By the time you get to Generation X, 10 years later, it was two to one the other way. Right. And that’s what we’re talking about in terms of values and beliefs and behaviors, right? And then finally, Jim, you can look at self identification. There’s another thing, you know, what generation do you identify with? So anyway, all of these things is looking at generational membership. Now, what we found when we were just interested in generational succession, right? In American history, we started with the Puritans. We went forward, you know, there was the Cavalier and the Glorious Generation and the Enlightenment and you go into the awakeners and, you know, on, it’s a wonderful story. By the time we got to our 13th generation, that was Generation X. And the 14th generation were just a little children at the time we wrote. That was Millennials. And by the way, Jim, we coined the word Millennial Generation. That was in that book. So our chapter on Millennials was, I could have copyrighted it.

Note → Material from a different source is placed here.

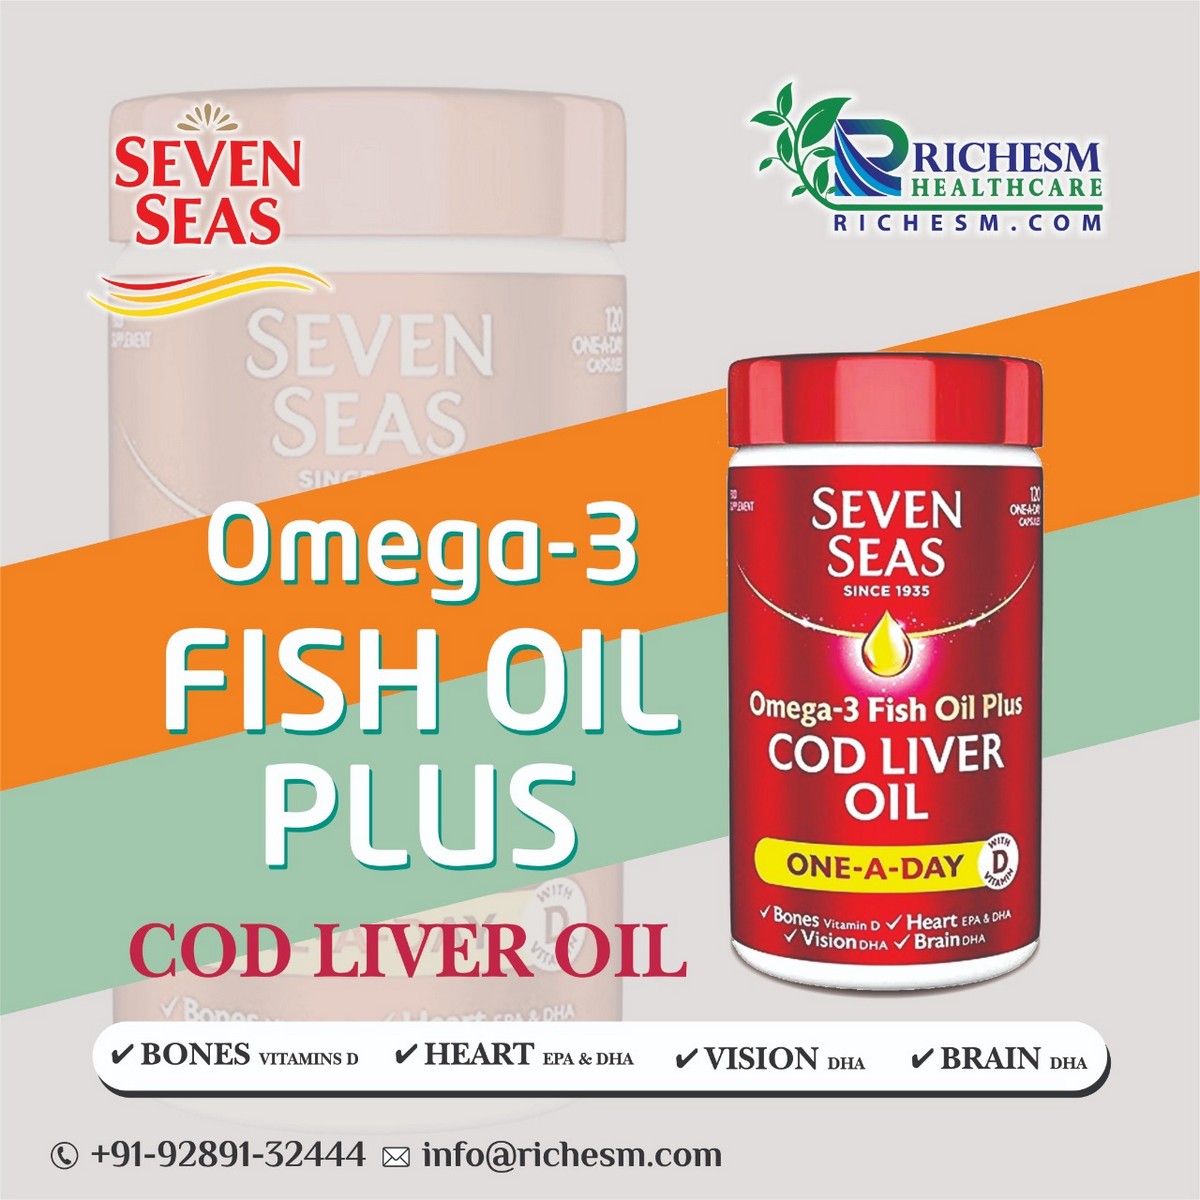 Get a Healthy Liver with Omega 3

Jim: They were Gen Y for a while.
Neil: They were Gen Y for a long time. And that was coined by Advertising Age in 1993. And we always said they will never be known as Gen Y because Gen Y is an extension of Gen X. Every generation turns a corner on the next generation. That will never work. And indeed, about less than 10 years later, they threw in the towel and they said, OK, I guess it’s Millennials. So we had a little celebration back at our office.
Jim: All right. Did I send you a nickel every time they used it?
Neil: Yeah, I wish. I wish. I wish. Yeah, even a penny would be fine.
Jim: That’s a great introduction to the grand theory. And again, for me, as a system skies perspective, it’s that the aha moment came when I realized about that diagonal that because it’s a cluster of everybody moving through different things at different life stages with different antecedents in their life. But of course, we don’t see and feel the thing the same way. No wonder 15 year old Jim thought my father was a reactionary ass and he thought I was a degenerate. We actually had a good relationship. So I’m overstating it a bit, but we we didn’t really understand where each was coming from because we’d experienced everything at 15. He had dropped out of high school and was making his own living in New York City as a telegraph messenger boy for the railroad while I was fat, dumb and happy in suburban DC, going to a nice high school. So a very different perspective on life.
Neil: One thing we found as we went through this is not only are generational differences very marked going all the way back. This is not just something that started with boomers and Xers. You know what I mean? People have been aware of these generational differences, and that was one of the things we showed in our book.
Jim: Yeah, I love that part of the book, but we can’t go too deep into the history if we’re going to get done.
Neil: No, no, no. But this is key to actually explaining where we’re going to go.
Jim: Sounds great.
Neil: Because we found that certain kinds of generations always followed other kinds of generations. For example, following a boomer like generation of idealists and iconoclasts wanting to pull down the system always came this cynical, pragmatic materialist generation who didn’t talk a lot but got big things done. You know, following the transcendentals like Emerson and Whitman and Thoreau and Jefferson Davis and Abraham Lincoln and all those reformers and commune founders and religion founders and feminists and so on came the Gilded generation. These were doers and risk takers. These are people like Ulysses Grant, George Armstrong, Custer. They just did stuff.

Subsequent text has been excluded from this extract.